Vandals daubed a swastika on a memorial just moments before a Holocaust remembrance service was due to start this morning.

Police managed to clear away the graffiti before the crowds arrived at Palmers Rest Garden in Grays for the service.

The graffiti is thought to be have been put there between the evening of January 26 and the morning of January 27.

Police are understood to be seeking information about the incident.

Hundreds of people of all different faiths were expected to commemorate International Holocaust Day on January 27.

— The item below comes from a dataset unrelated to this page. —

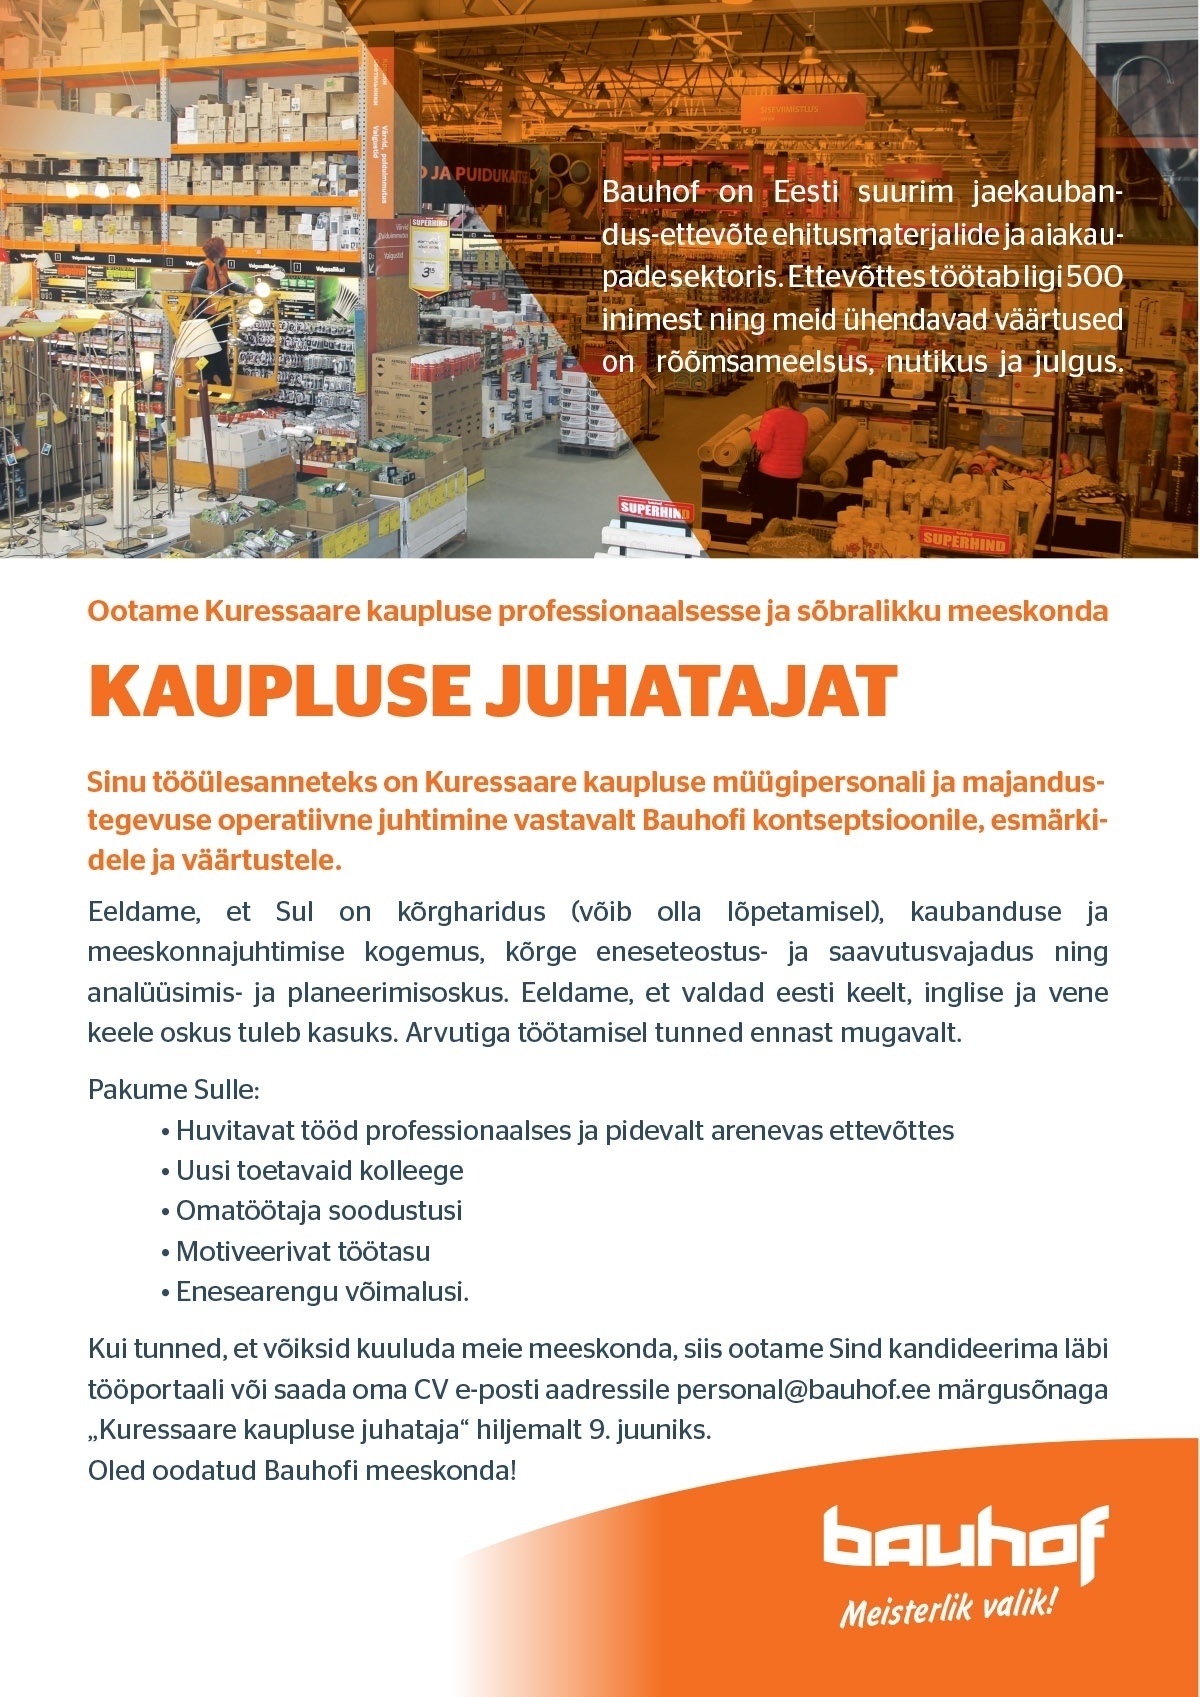 Bauhof Group AS Kuressaare kaupluse juhataja
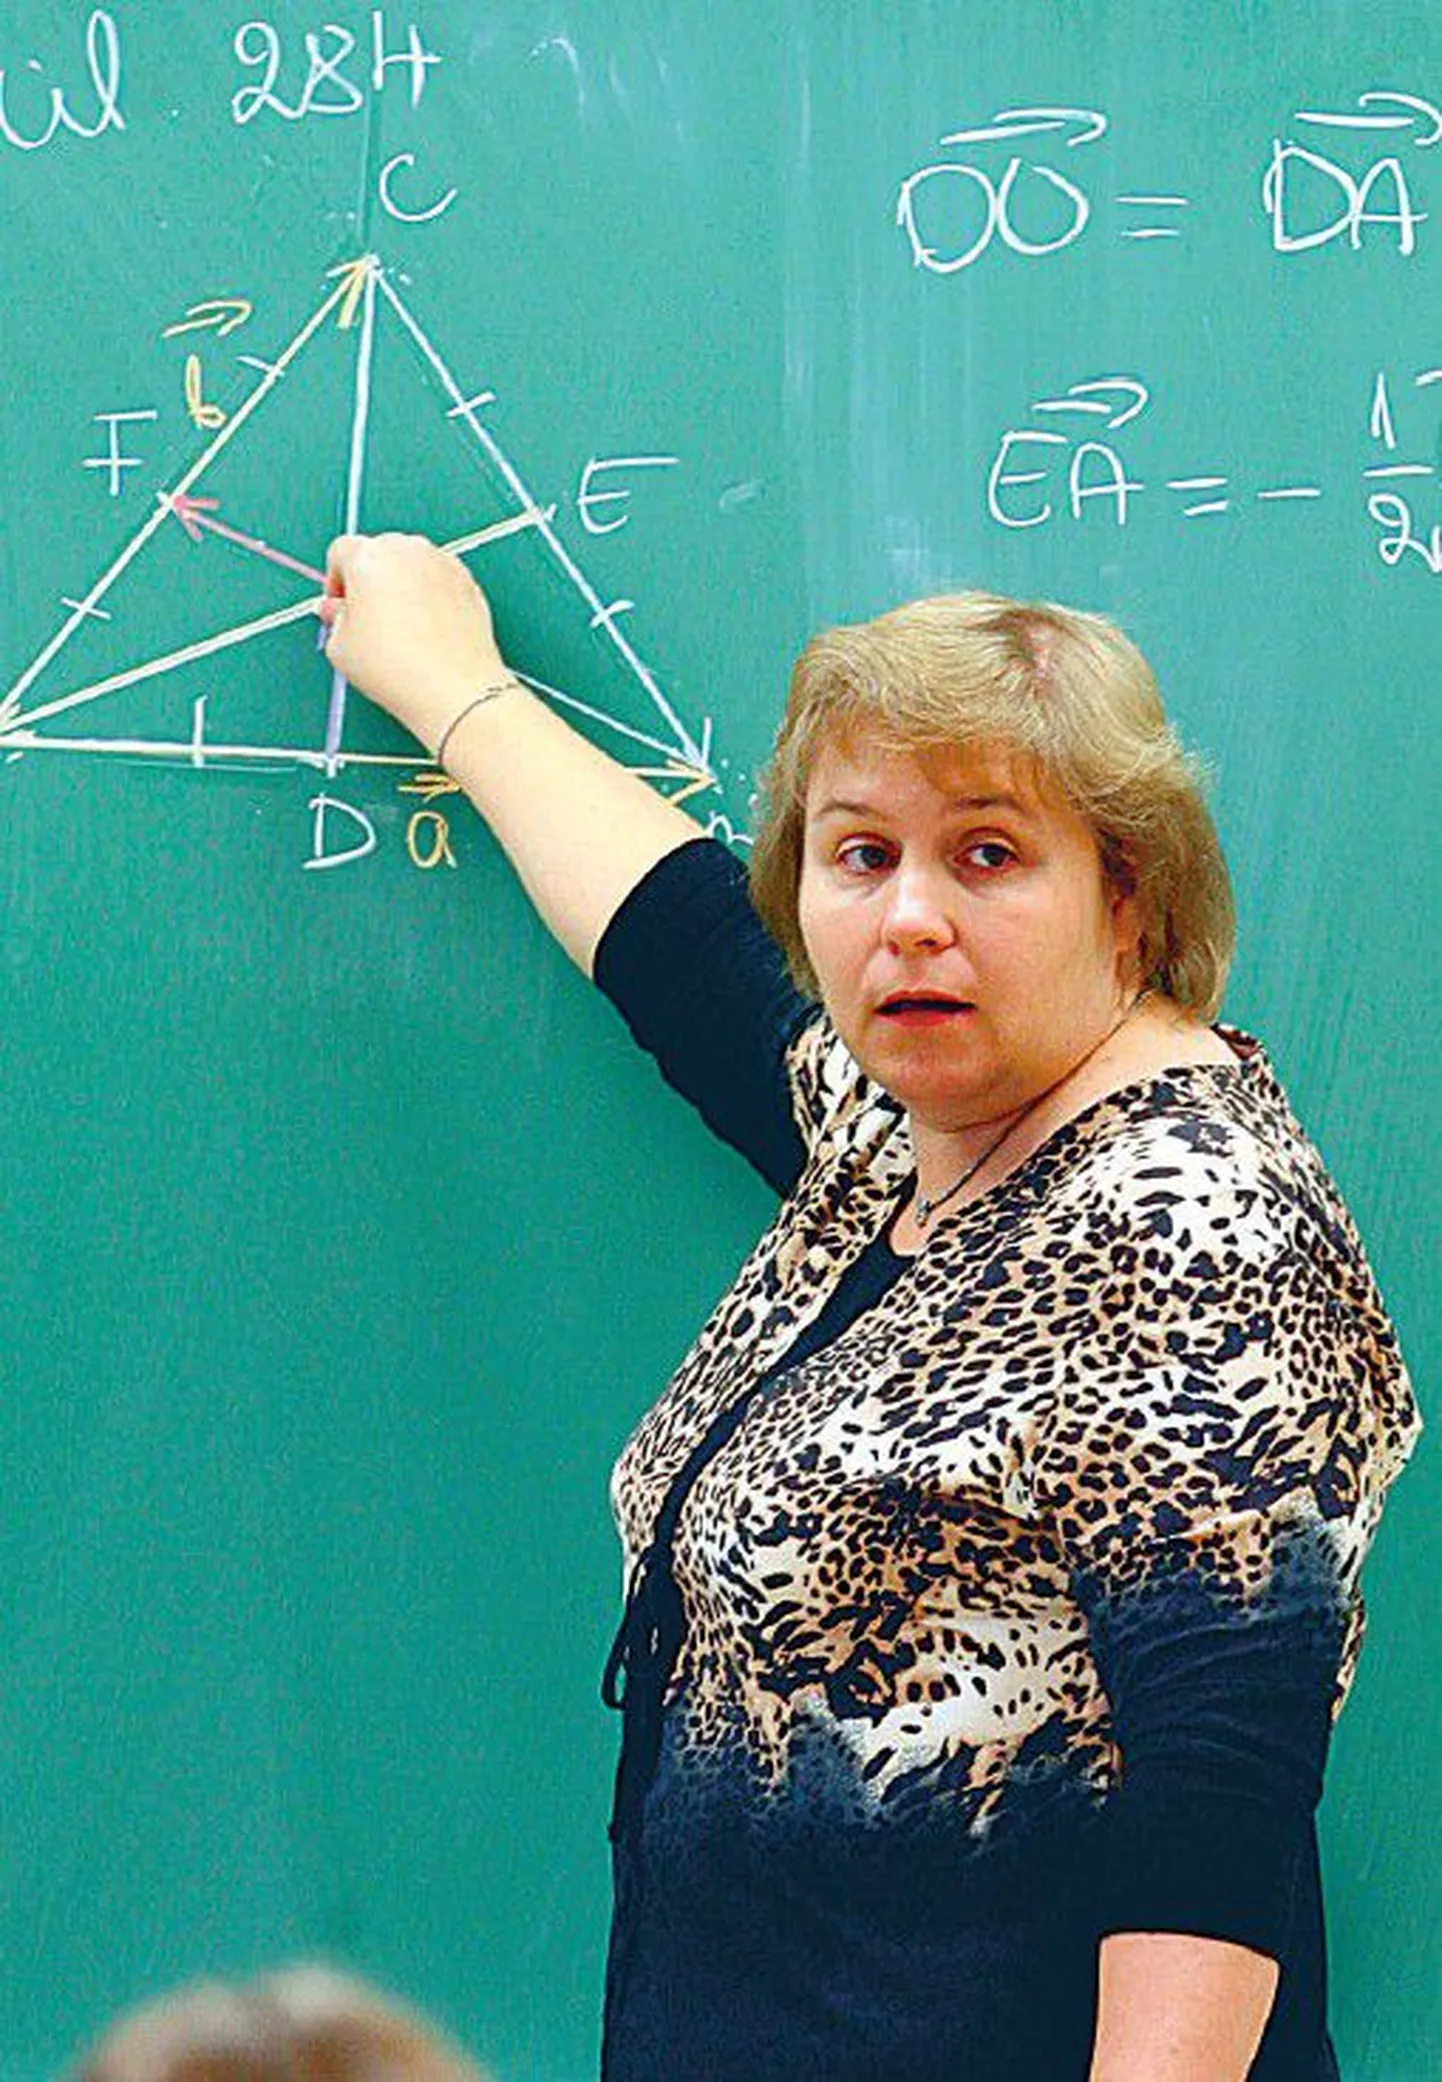 Jüri gümnaasiumi matemaatikaõpetaja Kersti Kaldmäe sõnul peaks põhikooli- ja gümnaasiumiseaduse eelnõus olema õpetajate õigused täpsemalt kirjas.

Communities portfolio holder Cllr Richard Speight, who was at the service to speak, said of the incident:

“The fact that they failed is important; the fact that they tried shows why it is all the more important that we right-thinking people continue to make our views known and continue to hold this ceremony year after year."

"It is a timely reminder that there are thoughtless idiots among us today who think they can ruin such a moving ceremony."

Essex Police said: “Police have been made aware that some offensive graffiti was placed on the Holocaust Memorial in Palmers Rest Garden, Grays. The graffiti has been removed."

Opposition leader Cllr Rob Gledhill, and Thurrock Mayor Cllr Steve Liddiard, were also at the service to speak.

Cllr Gledhill said: “When any group in society joins together and starts to blame others for what they see as ‘the cause of all their problems’, when they blame those who follow a different religion or those of no faith for problems within their society, when they group together shunning others in the community then the seeds of genocide are still present and must do what we can to ensure they do not germinate.”

Cllr Speight said: “Today is a day where Thurrock as a community can come together to remember those who lost their lives not because of what they did or had done, but for who they were. The victims of these genocides committed no crimes. They were people like us. Their only crime was to be different, and to be persecuted for that difference."

“Once a year we say ‘never forget’ and ‘never again’ but we need to remember that the road to the horrors of Auschwitz, of Rwanda, of Srebnica and many - too many - others, begins with small steps of intolerance.”

Mayor of Thurrock, Cllr Steve Liddiard opened the event by saying: “It is incumbent upon each and every one of us who is just one step removed from these horrors to make sure the younger people today know – and more importantly understand – what happened."

“Each and every one of those deaths was – and is – a tragedy. Each one should make us say “never again” and each one should bear down on our conscience when we ignore it happening again.”

There were Sikhs, Hindus, Muslims, Jews and Christians present at the service.

Anybody with any information about this incident is asked to contact Essex Police on 101 quoting incident 290 of January 27.